Les scientifiques lancent l’alerte à propos de l’impact du dérèglement climatique sur les insectes

Résultats scientifiques écologie évolutive & Biodiversité Développement durable

Un consortium international de plus de 70 scientifiques vient de publier un article qui alerte sur les menaces que fait peser le dérèglement climatique sur les insectes, piliers du bon fonctionnement des écosystèmes. La synthèse parue dans le journal Ecological Monographs fait directement écho aux avertissements du GIEC sur les risques liés à l'augmentation rapide des températures moyennes du globe et l’intensification des événements extrêmes. Les scientifiques expliquent que si aucune mesure n'est prise, nous réduirons considérablement et définitivement notre capacité à construire un avenir durable basé sur des écosystèmes sains et fonctionnels. L’article formule plusieurs recommandations clés à adopter pour aider les insectes face au changement climatique. A la fois les pouvoirs publics, les scientifiques et l’ensemble des citoyens doivent être impliqués dans l'effort de protection.

Un constat édifiant

De par leur petite taille et leur incapacité à réguler leur température corporelle, les insectes s’avèrent particulièrement sensibles aux changements environnementaux comme la température et l'humidité. Le réchauffement dépasse déjà les seuils de tolérance de nombreuses plantes et animaux, entraînant la mort massive d’individus et la disparition de populations voire même d’espèces. Dans cet article de synthèse, les chercheurs expliquent la façon dont le dérèglement climatique module la physiologie et le comportement des insectes, avec des effets marqués sur les cycles de vie, la reproduction et la persistance des populations. En particulier, certaines espèces deviennent actives à des endroits ou des moments où elles ne l’étaient pas auparavant. D’autres espèces d’insectes au contraire s’éteignent localement. Cela conduit à des changements importants dans la structure et le fonctionnement des interactions entre espèces, avec des répercussions potentiellement graves sur la stabilité et le fonctionnement des écosystèmes, et par la suite sur la fourniture de services écosystémiques comme la pollinisation ou le contrôle des maladies. 

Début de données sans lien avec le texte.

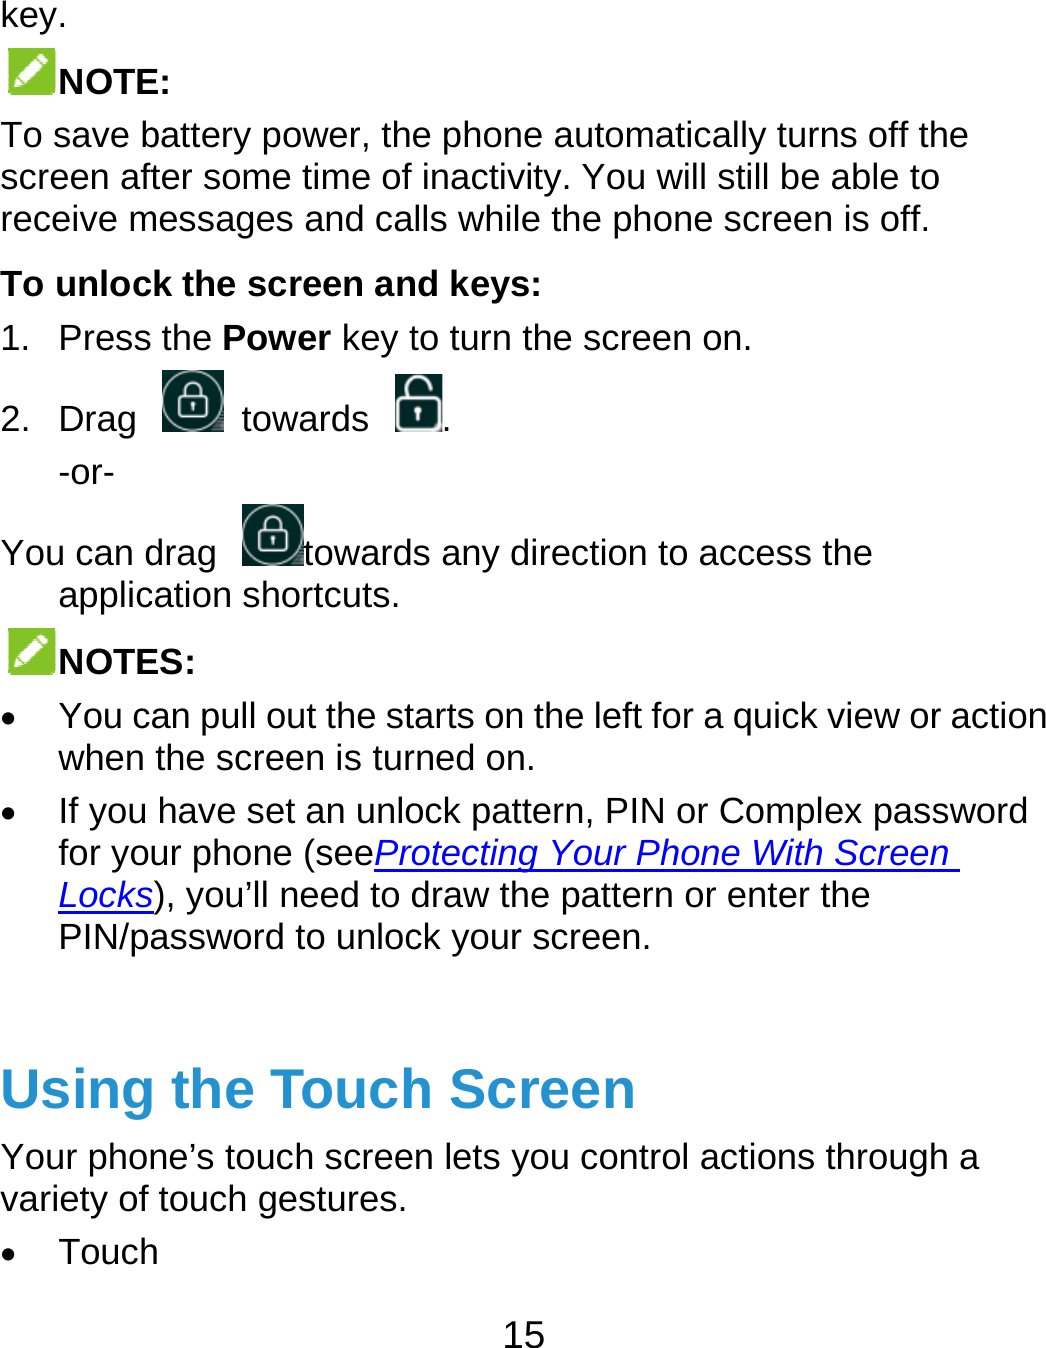  key. NOTETo save bscreen aftreceive mTo unloc1. Press2. Drag -or- You can dapplicNOTE You cwhen  If you for yoLocksPIN/pa UsingYour phonvariety of  TouchE:  battery power, thfter some time of messages and cak the screen an the Power key t towards drag towardcation shortcuts. ES:  an pull out the stthe screen is turhave set an unlour phone (seePros), you’ll need to dassword to unlocg the Touchne’s touch screetouch gestures.h 15 e phone automafinactivity. You wlls while the phond keys: to turn the scree. s any direction to tarts on the left forned on. ock pattern, PIN rotecting Your Phdraw the patternck your screen.h Screenn lets you controtically turns off thwill still be able tone screen is off.n on. o access the or a quick view oror Complex passhone With Screen or enter the ol actions throughhe o r action sword n h a

L’article de synthèse relate également les impacts majeurs des événements climatiques extrêmes sur les insectes, lesquels s’ajoutent aux conséquences du réchauffement global et ont des répercussions en cascade de plus en plus difficiles à gérer. Les chercheurs résument l’état des connaissances sur les effets de quatre types d'événements extrêmes, dont la fréquence et l’amplitude augmentent de façon alarmante : les vagues de chaleur ou de froid, les épisodes de sécheresse, les excès de précipitations et les incendies. Le constat est accablant, avec des effets instantanés et brutaux sur les populations d’insectes affectées. Bien que les effets à long terme de ces événements extrêmes restent peu explorés, les pronostics sont mauvais pour les nombreuses espèces qui n’ont pas les capacités de résistance et d’adaptation à de telles pressions environnementales.

insectes
Figure 1 : De nombreuses espèces d’insectes souffrent déjà de l’effet du réchauffement climatique et des événements climatiques extrêmes. (a) Par exemple, la libellule empereur (Anax imperator) s’est redistribuée vers le nord et des altitudes plus élevées en Europe depuis 2000 (Platts et al., 2019). (b) En Californie et au Mexique, le papillon damier (Euphydryas editha quino) qui demeure en danger d’extinction a réagi au réchauffement récent en se déplaçant vers des altitudes plus élevées et en abandonnant sa plante alimentaire préférée des plaines, une espèce de plantain (Parmesan et al., 2015). (c) De nombreux déclins récents d'insectes très vulnérables, tels que les bourdons terricoles (Bombus terricola), ont été attribués aux extrêmes climatiques, et en particulier aux vagues de chaleur (Martinet et al., 2015). (d) L'exposition aux vagues de chaleur peut avoir des effets importants sur la reproduction des insectes. Par exemple, la guêpe parasite Gelis agilis voit sa capacité à exploiter ses hôtes fortement altérée lors de ces événements de température élevée (Chen et al., 2019). Photographie de libellule empereur par Tim Bekaert ; photo du papillon damier par Andrew Fisher ; photo du bourdon terricole par Rob Foster ; photo de Gelis agilis par Tibor Bukovinszky, avec autorisation.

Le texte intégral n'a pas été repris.